P2Pinfect was discovered in July 2023 by Palo Alto Networks analysts as a new Rust-based worm that targets Redis servers vulnerable to CVE-2022-0543.
Following its initial discovery, Cado Security analysts who examined P2Pinfect reported that it was abusing the Redis replication feature to spread, creating replicas of the infected instance.
Later, in September, Cado warned about spiking P2Pinfect botnet activity targeting systems in the United States, Germany, the UK, Japan, Singapore, Hong Kong, and China.

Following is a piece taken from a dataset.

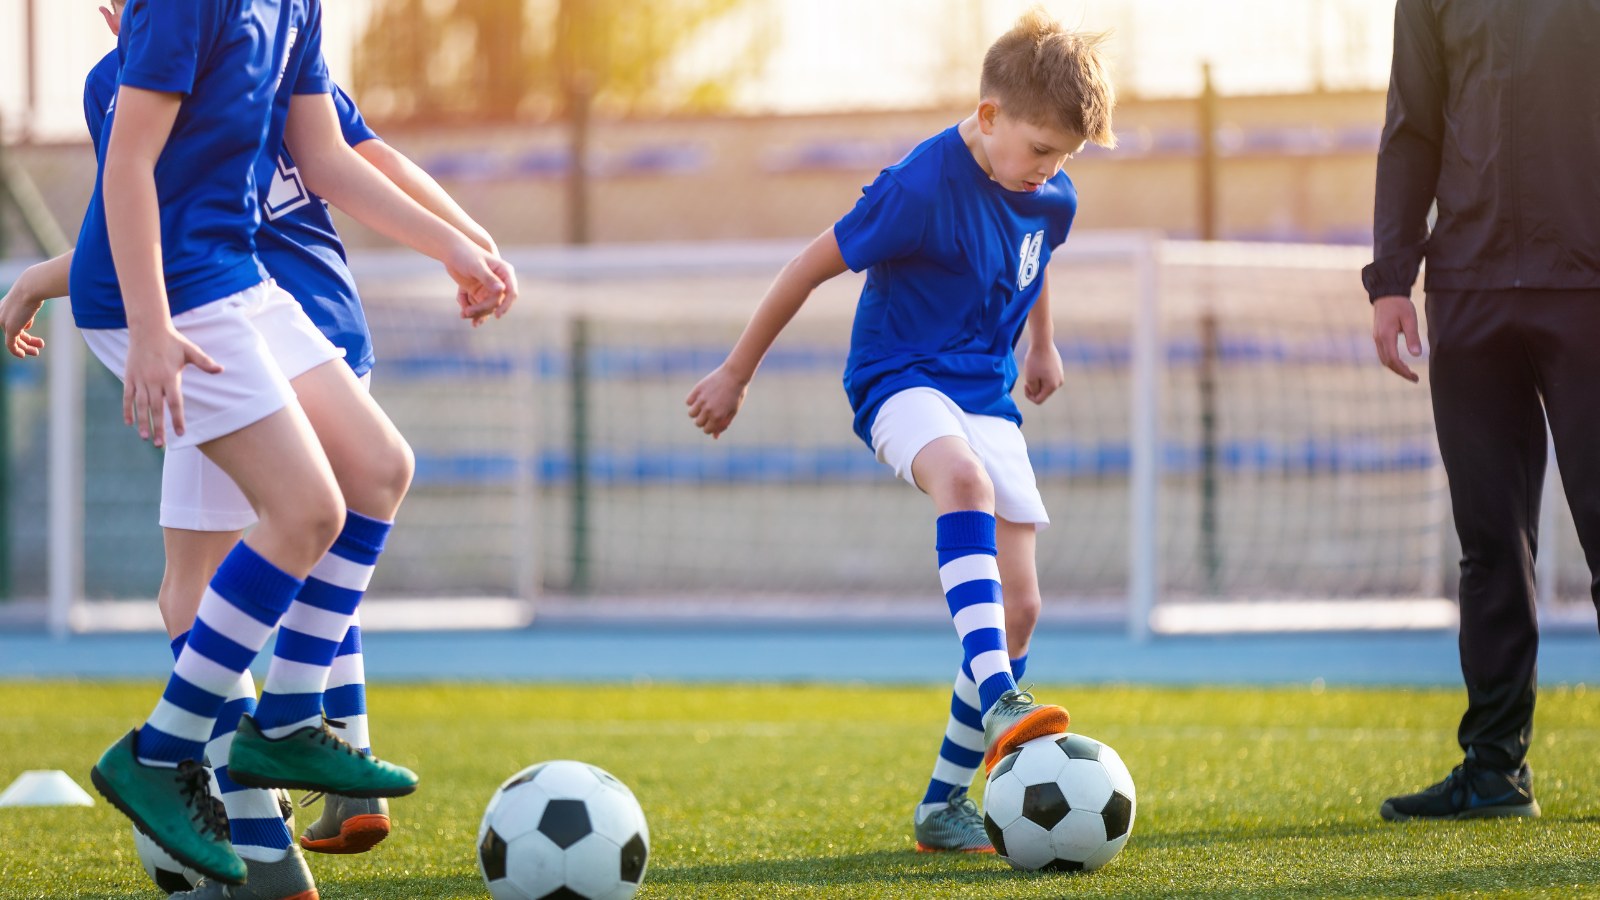 Dành thời gian để tham gia vào các hoạt động thể thao sẽ mang lại nhiều lợi ích về sức khỏe và phát triển cho trẻ. 

Today, Cado reports a new development concerning the botnet, which marks a significant evolution in the project's targeting scope and ability to evade detection.
The latest attacks observed on Cado's honeypots scan for SSH servers that use weak credentials and attempt to upload the MIPS binary via SFTP and SCP. Interestingly, propagation for the MIPS variant isn't restricted to SSH, as the researchers spotted attempts to run the Redis server on MIPS devices through an OpenWRT package named 'redis-server.
During static analysis, Cado researchers found that the new P2Pinfect is a 32-bit ELF binary with no debug information and an embedded 64-bit Windows DLL, which acts as a loadable module for Redis to enable shell command execution on the host.
The newest variant of P2Pinfect implements sophisticated and multifaceted evasion mechanisms that make its detection and analysis much more challenging.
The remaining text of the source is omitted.